The deal gives UK firms access to government procurement markets of a combined value of $1.7 trn from the 47 GPA member nations, which they had previously had access to courtesy of the nation's EU member status.
Conversely, overseas businesses from fellow member states will be able to bid for £67bn-worth of public sector contracts in the UK every year.
International Trade Secretary Dr Liam Fox said: "I’m delighted to have confirmation from the GPA Committee today that the UK will be an independent member of the agreement as we leave the EU. This is a hugely successful global agreement which will give British businesses certainty that they can continue bidding for £1.3trn worth of government procurement contracts overseas."

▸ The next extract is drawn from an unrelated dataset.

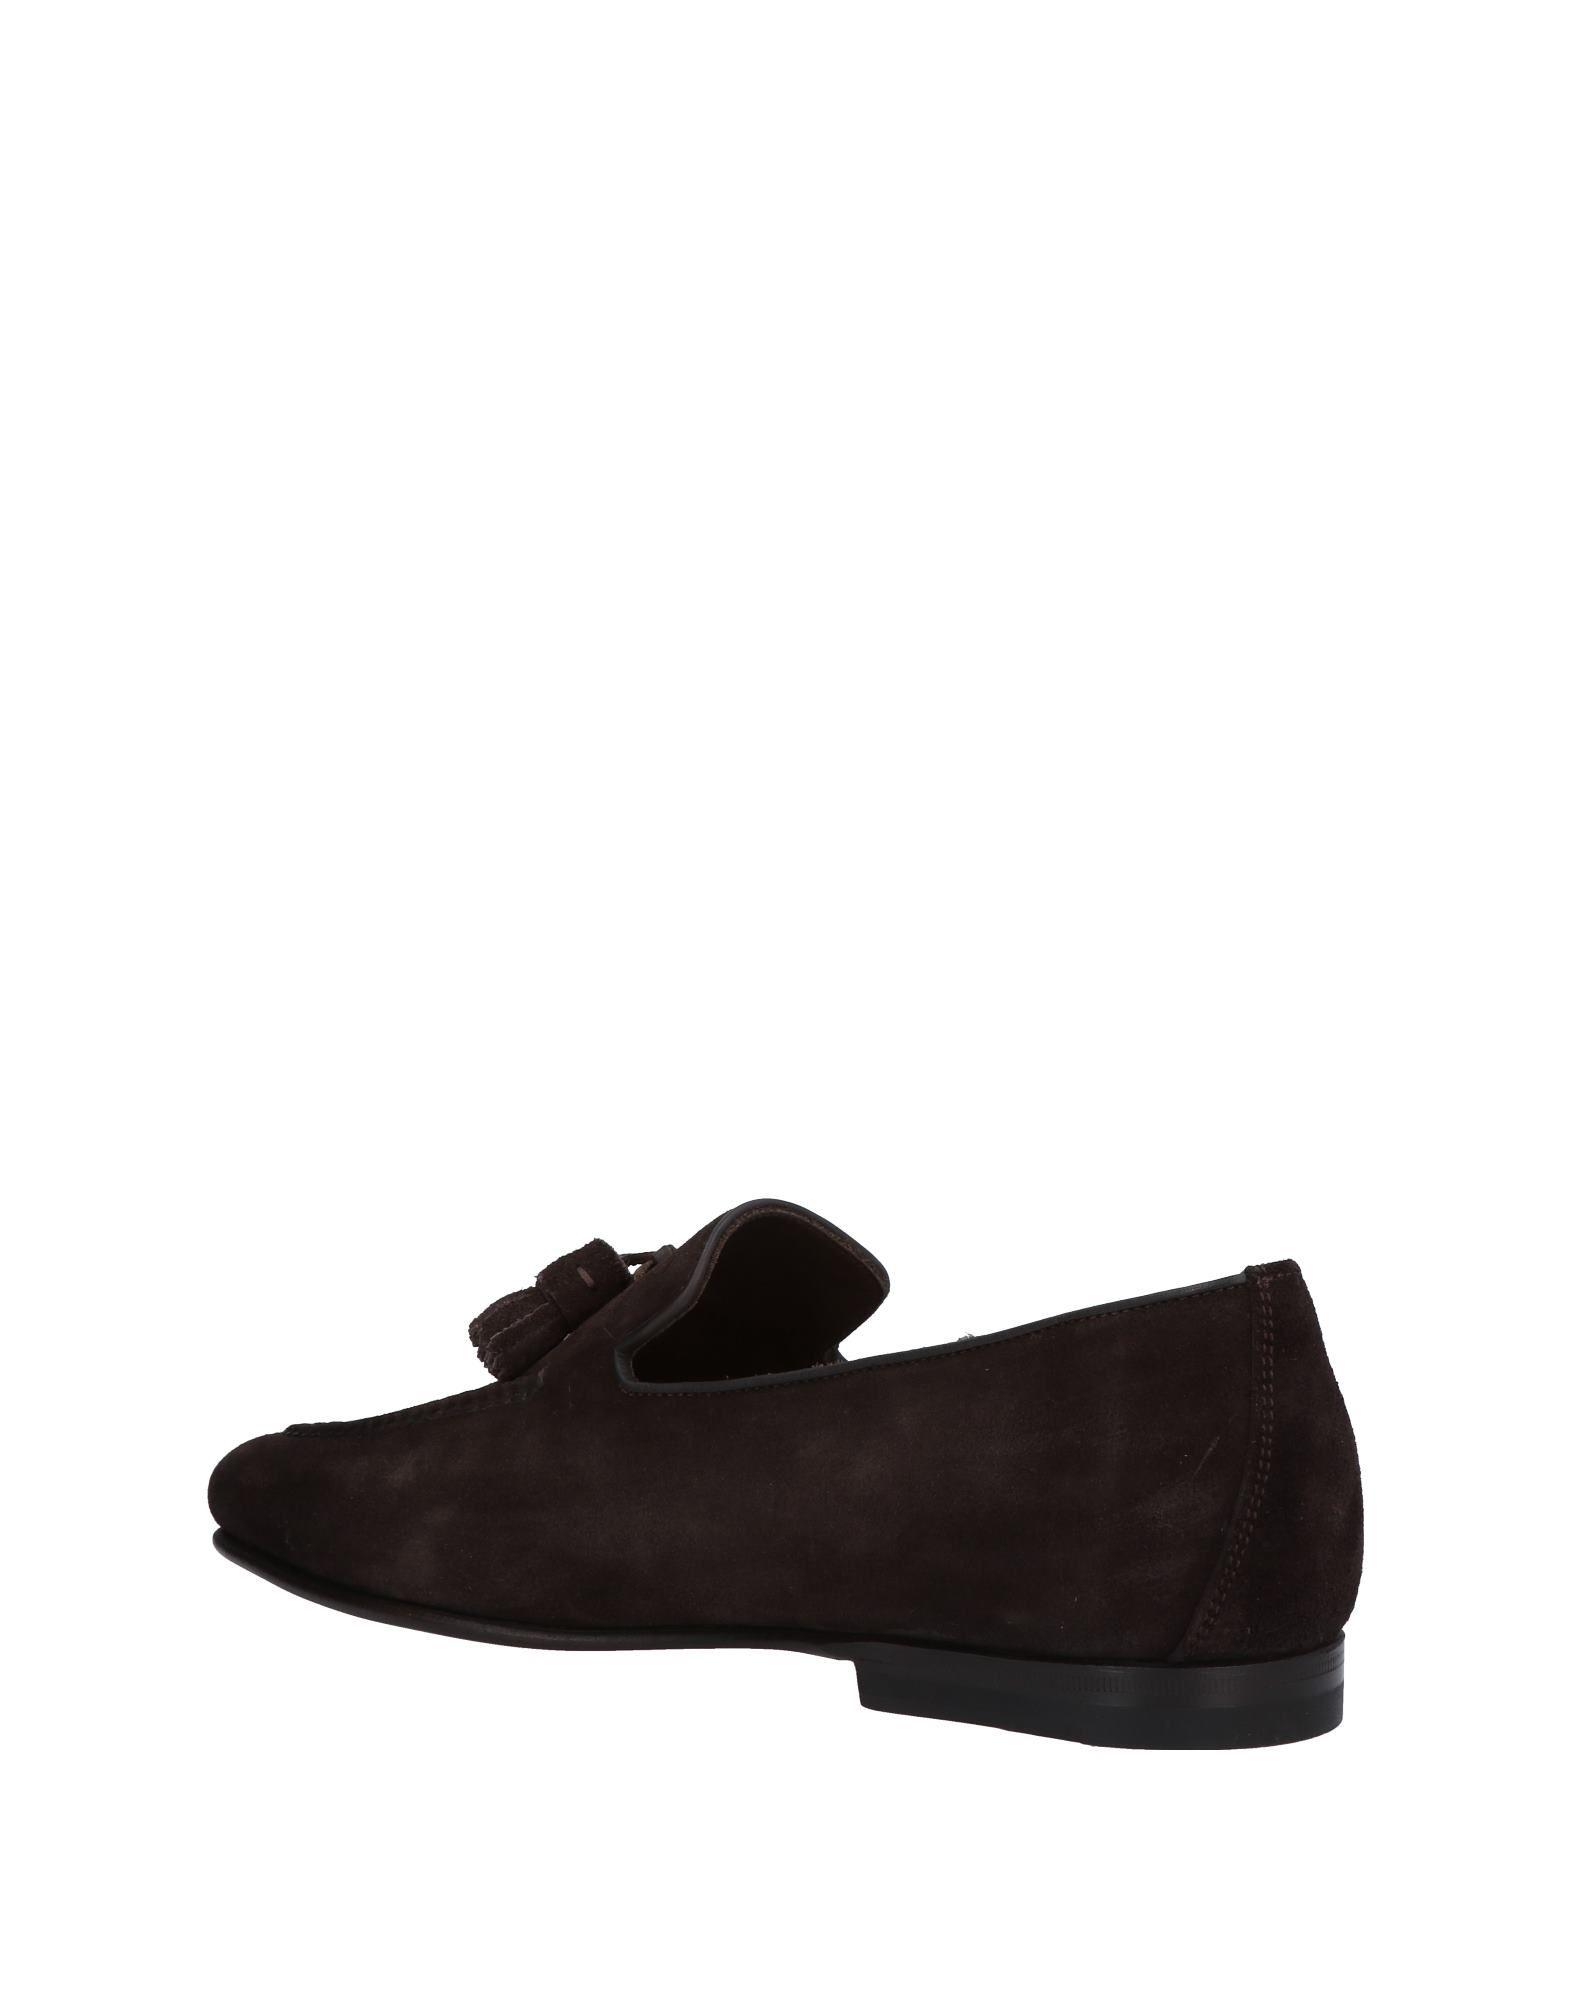 Santoni Mokassins Qualität Herren  11478752AM Gute Qualität Mokassins beliebte Schuhe c47f00

A statement from the department for international trade called the agreement "a significant step in the UK establishing its independent trade policy for the first time in more than 40 years."
Diplomats had in November indicated that the UK's membership would continue as it stated that few changes would be necessary and that continued UK membership remained in the group's best interests.
Membership is gained by opening up a sufficient amount of a nation's procurement market to attract current members to reciprocate.
With the agreement now in place, UK firms will be able to continue bidding for government work in the EU and nations such as the US, Japan and Canada.
Meanwhile, several countries, including China, Jordan, and Ukraine, are currently negotiating accession to the GPA.
US WTO ambassador Dennis Shea said: "In 2013, the United Kingdom accounted for over a quarter of the EU’s total procurements covered by the GPA. The importance of the UK is even more significant when you look at just central government entities where the UK accounts for 46 percent of the EU’s covered procurements."
Meanwhile, Norway’s $1trn sovereign wealth fund, the world’s largest, said on Wednesday that it intends to keep increasing its investments in the UK, as it stated that the current Brexit uncertainties that have spooked some investors "do not change our view of the situation".
Of the fund's portfolio, 8.5% was in British equities, bonds and real estate at the end of 2018 but its investment in Japan now outstrips that in UK based entities, with the UK's share of the fund having dropped from second to third.